Physiotherapists registered with the Health and Care Professions Council are required to maintain continuing professional development as a condition of registration renewal. Unlike some professional regulators, the HCPC does not specify a minimum number of CPD hours per year. What it specifies instead is a framework of standards that your CPD must meet — a framework built around quality, relevance, and evidence of benefit to practice.
For many physiotherapists, this approach is both more flexible and more demanding than a simple hour count. It requires genuine engagement with professional development, not just logging time.
The HCPC CPD Standards
The HCPC sets four standards for CPD, all of which must be met.
You must maintain a continuous, up-to-date, and accurate record of your CPD activities. This means keeping a portfolio throughout your registration period, not reconstructing one when renewal approaches.
Your CPD activities must be a mixture of learning activities relevant to your current or future practice. The HCPC expects variety — not just formal courses, but informal learning, peer-based activity, self-directed study, and reflection. A portfolio consisting entirely of one type of activity would be unlikely to meet this standard.
You must seek to ensure that your CPD has contributed to the quality of your practice and service delivery. This is where reflection becomes essential. The HCPC wants to see evidence that your learning has connected to how you work — that it was not just accumulated for its own sake.
You must seek to ensure that your CPD benefits the service user. CPD ultimately exists to improve patient care. Your portfolio should demonstrate that the professional development you have undertaken is oriented toward this outcome.
The Two-Year Registration Cycle and the Renewal Audit
HCPC registration is renewed every two years. When you renew, you declare that you have met the CPD standards during your registration period. The HCPC then conducts a random audit of approximately 2.5% of registrants, who are asked to submit their CPD portfolio for assessment.
This is a fundamentally different structure from regulators who require annual declarations. Your CPD obligation runs across the full two-year period. There is no single annual deadline. But this does not mean CPD can be deferred to the second year — the HCPC expects continuous engagement throughout the registration period, and a portfolio that shows activity concentrated in the months before renewal is unlikely to demonstrate the continuous professional development the standards require.
What a Strong HCPC CPD Portfolio Contains
For each CPD activity, your portfolio should include a description of the activity, the date and approximate time spent, an explanation of why it was relevant to your practice, and a reflection on what you learned and how it has or will affect your work.
The HCPC's CPD standards are assessed by reviewing a statement of how you have met each of the four standards, supported by evidence from your portfolio. When your portfolio is audited, assessors look at whether the activities are varied, whether the reflections are genuine, whether there is a clear connection between your CPD and your clinical role, and whether the portfolio reflects continuous engagement.
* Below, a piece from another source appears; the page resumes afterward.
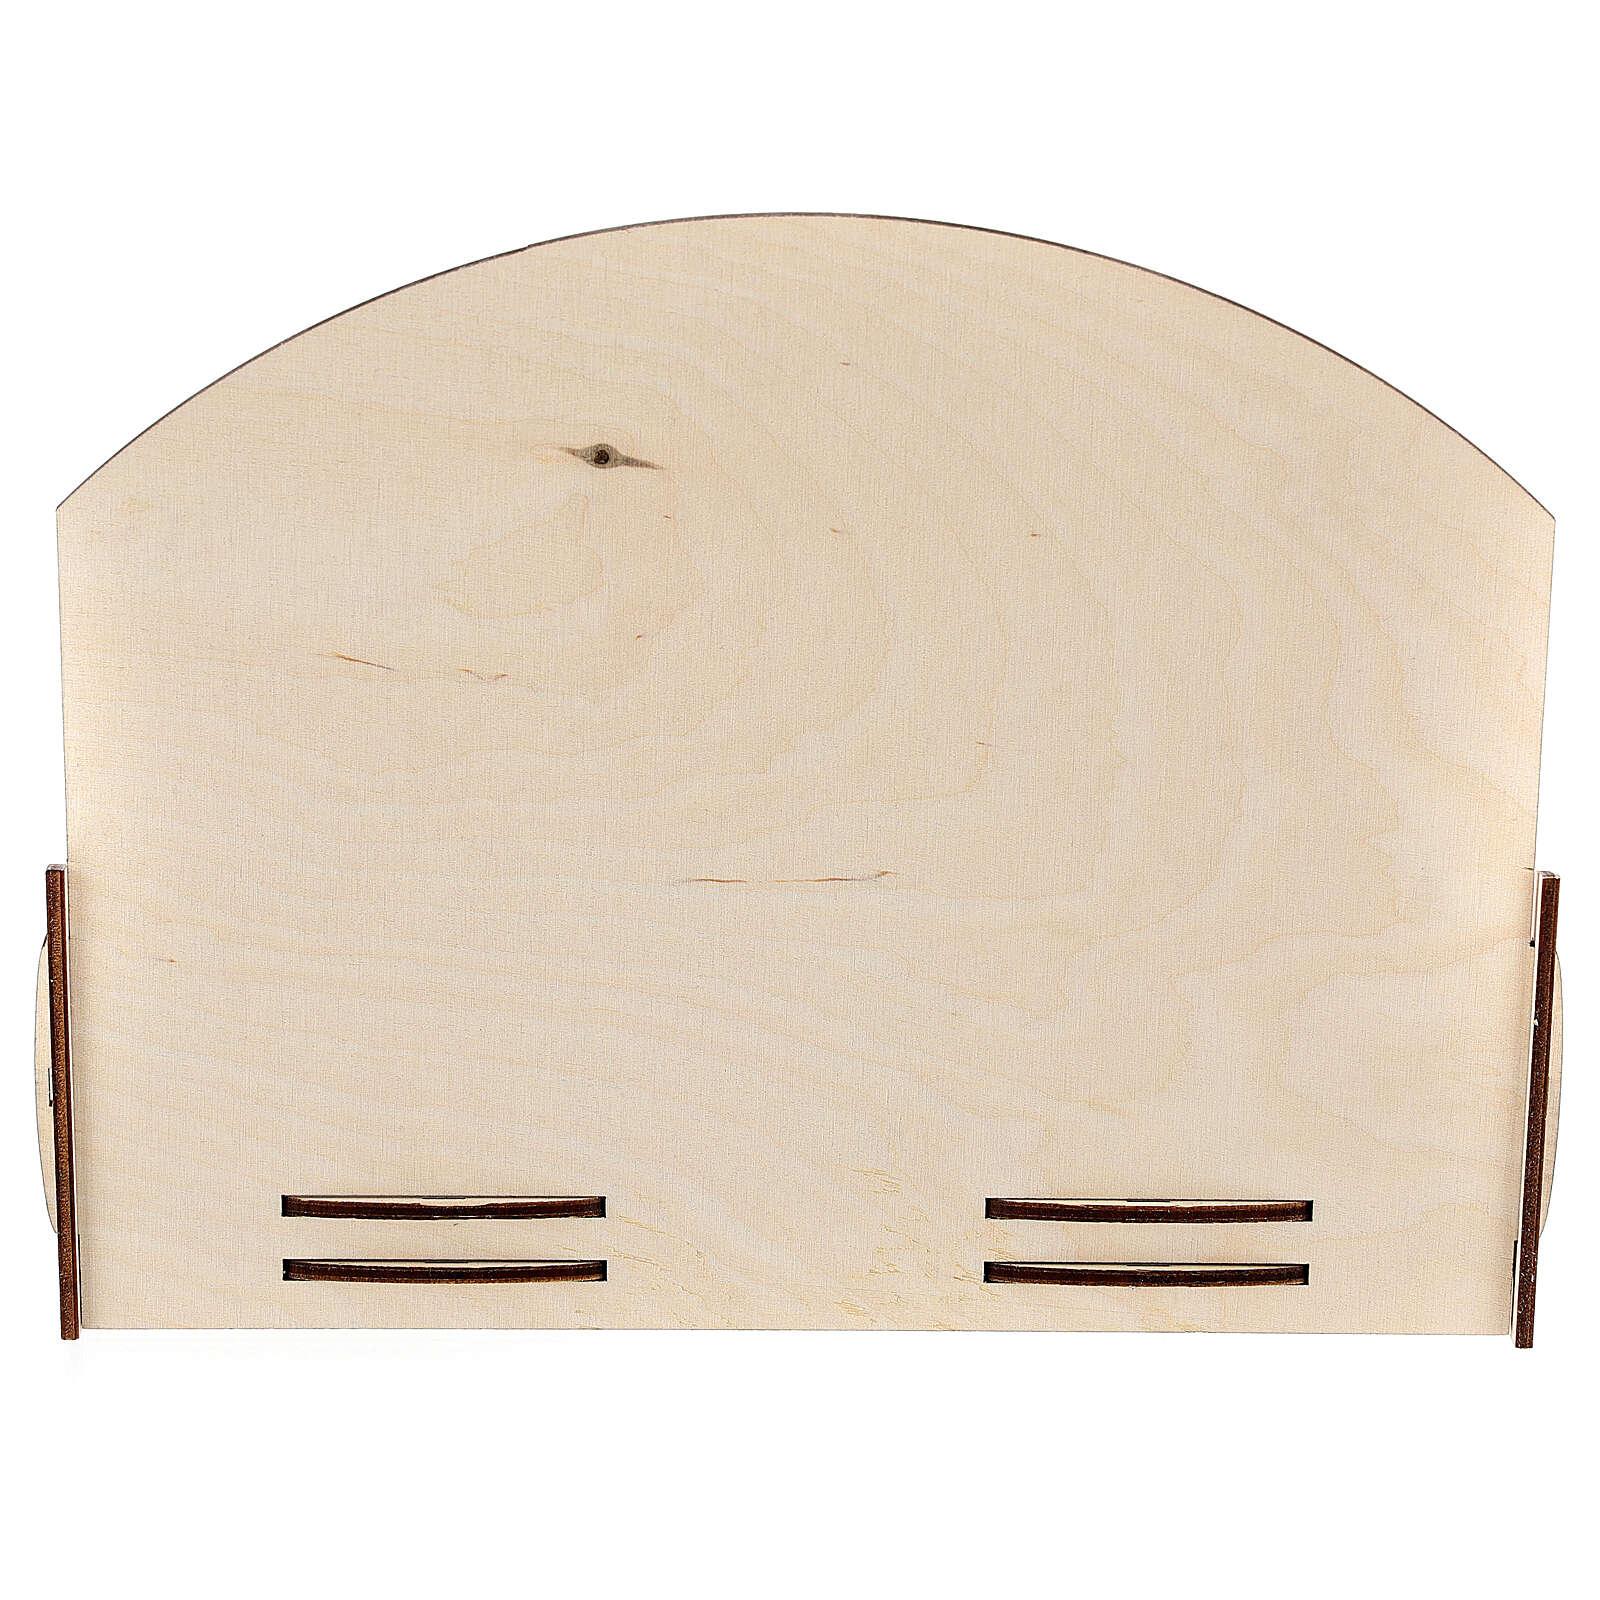 Espositore oli essenziali legno 18x22x23 cm 3

What Counts as CPD for HCPC Purposes
The HCPC's emphasis on a mixture of learning activities means that informal and self-directed learning is not just accepted — it is expected. Peer discussion, case reflection, journal reading, supervision, teaching, attending team training, completing e-learning modules, and undertaking formal postgraduate qualifications all contribute. The key question for any activity is whether it involved genuine learning relevant to your practice and whether you can evidence and reflect on it.
What Happens If Your Portfolio Is Audited
If you are selected for audit, you will be asked to submit your CPD portfolio within a specified timeframe. Assessors review whether you have met the four standards. If your portfolio does not meet the standards, the HCPC will work with you to understand why and may set conditions before your registration is renewed.
The most effective preparation for any audit is a portfolio maintained throughout your registration period, updated after each CPD activity, and built around genuine professional engagement rather than administrative compliance.